##### Raw data #####

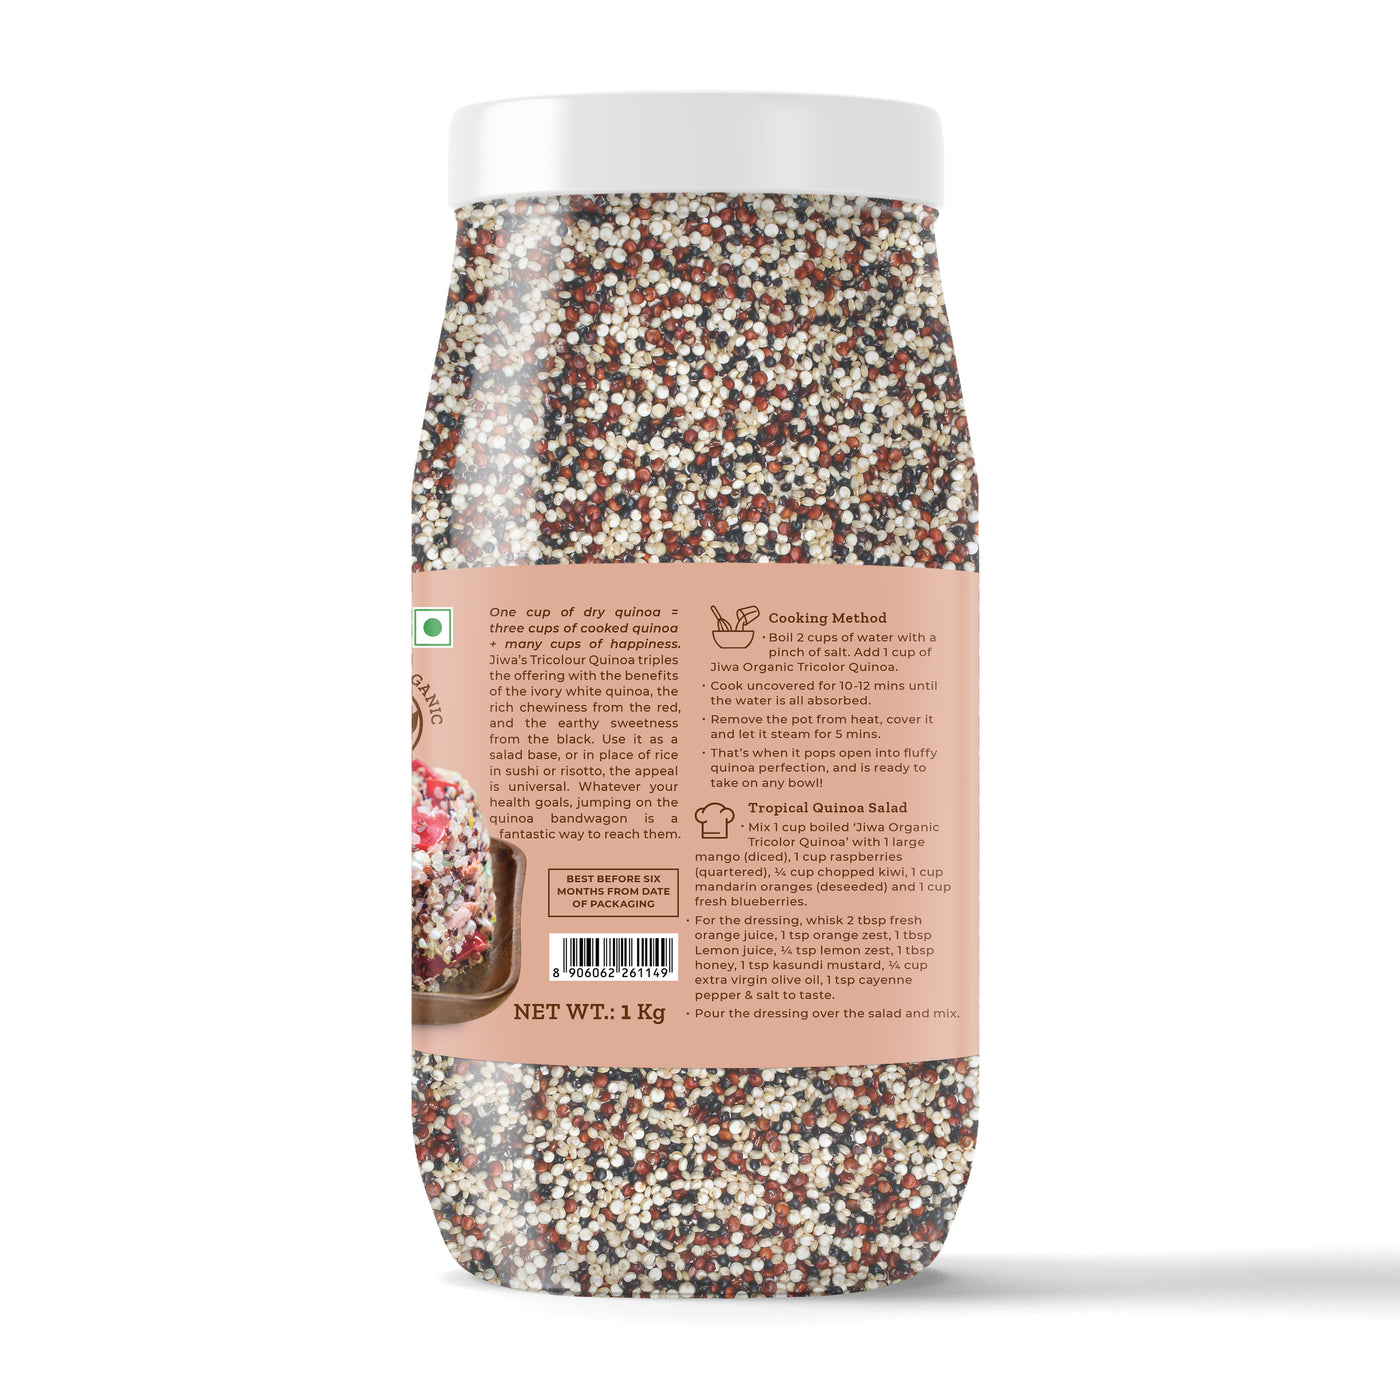 jiwa organic tricolor quinoa recipe guide online
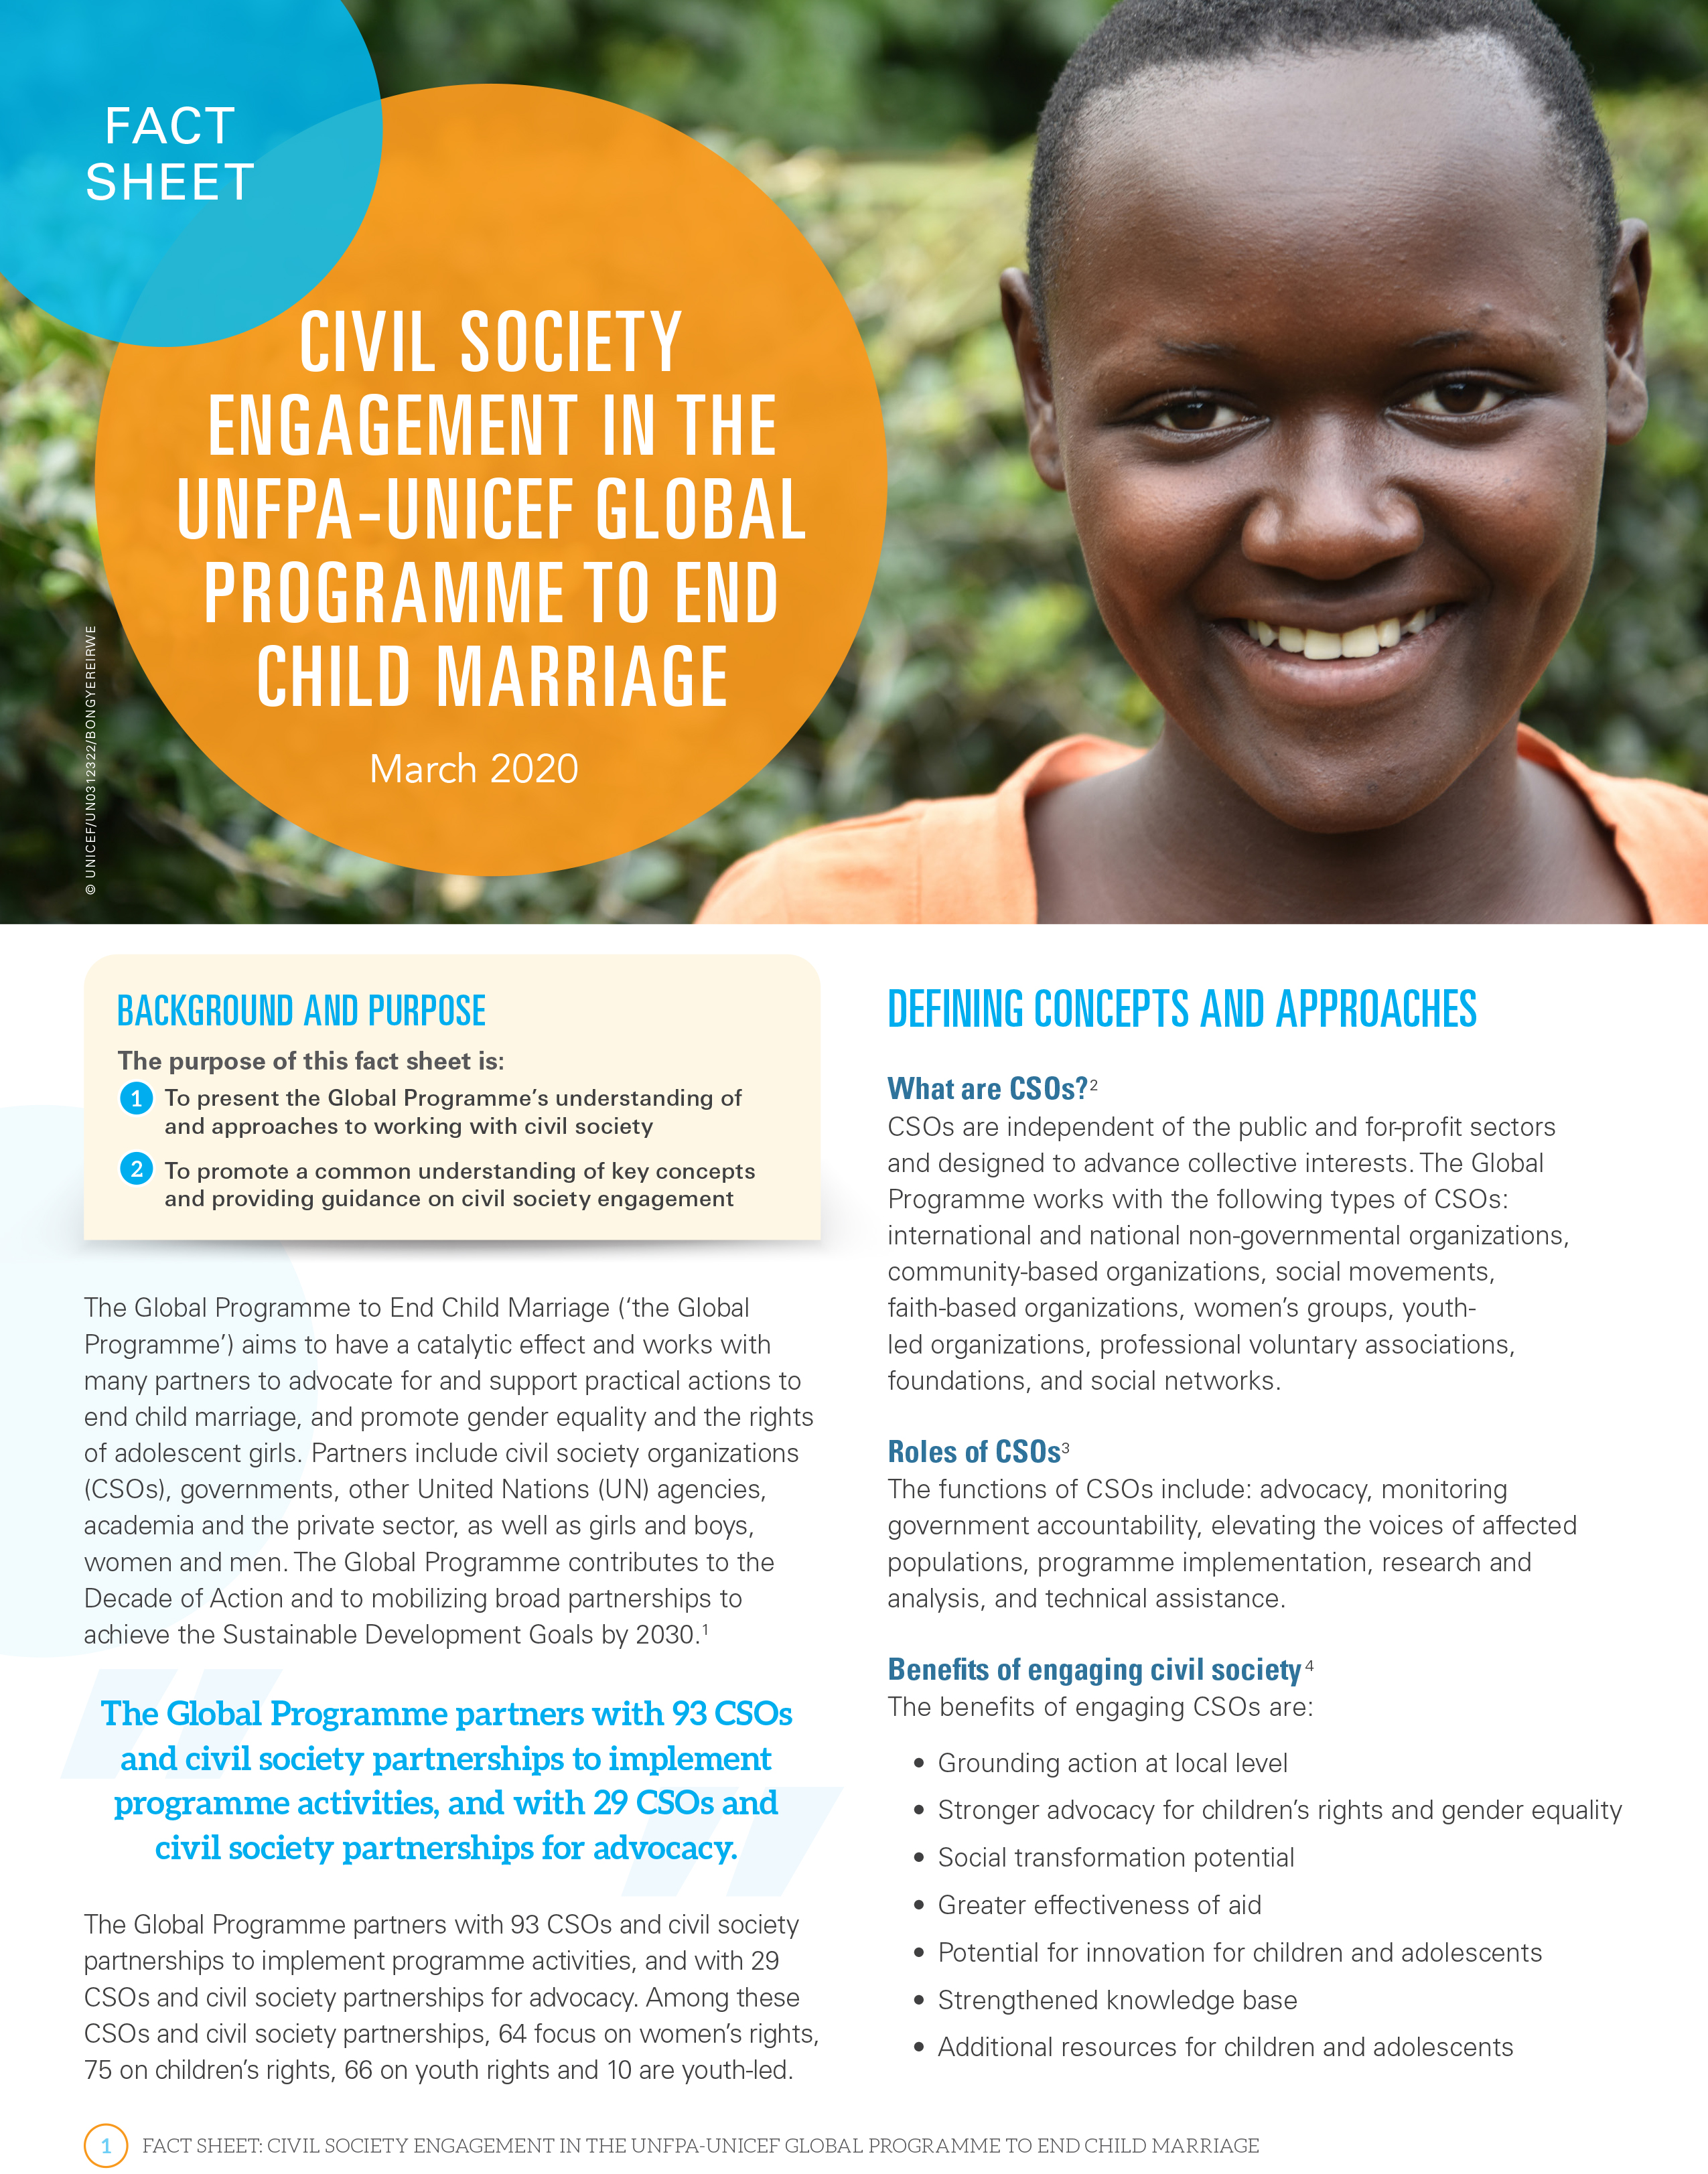 Ficha técnica sobre la participación de la sociedad civil en el Programa Mundial de UNFPA-UNICEF para Poner Fin al Matrimonio Infantil
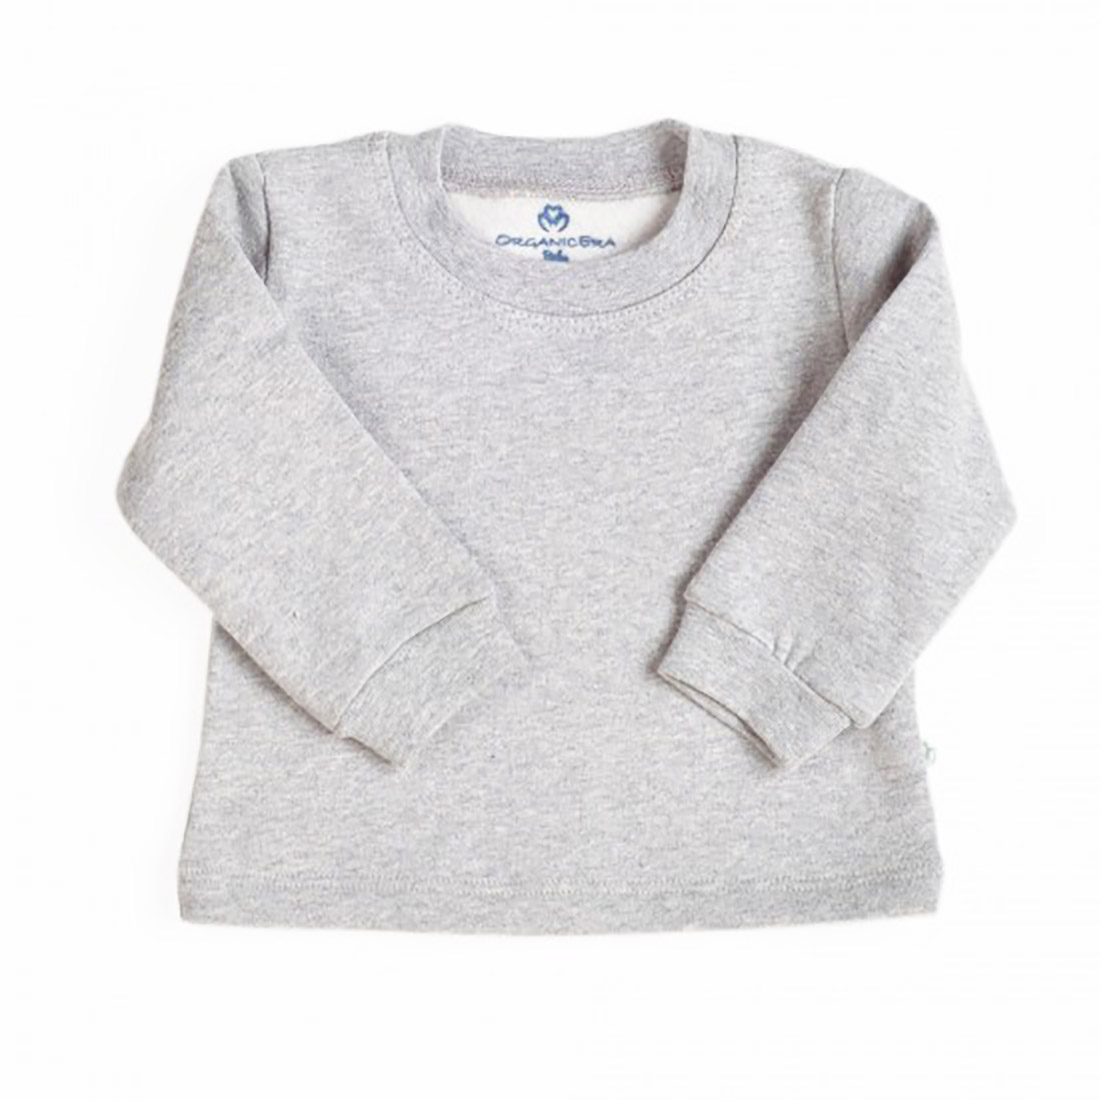 OrganicEra Organic Sweatshirt, Grey Melange

#####

-- Try it --
The material above is to be transcribed exactly, with its images omitted.

-- Answer to this problem --
 jiwa organic tricolor quinoa recipe guide online
 Ficha técnica sobre la participación de la sociedad civil en el Programa Mundial de UNFPA-UNICEF para Poner Fin al Matrimonio Infantil
 OrganicEra Organic Sweatshirt, Grey Melange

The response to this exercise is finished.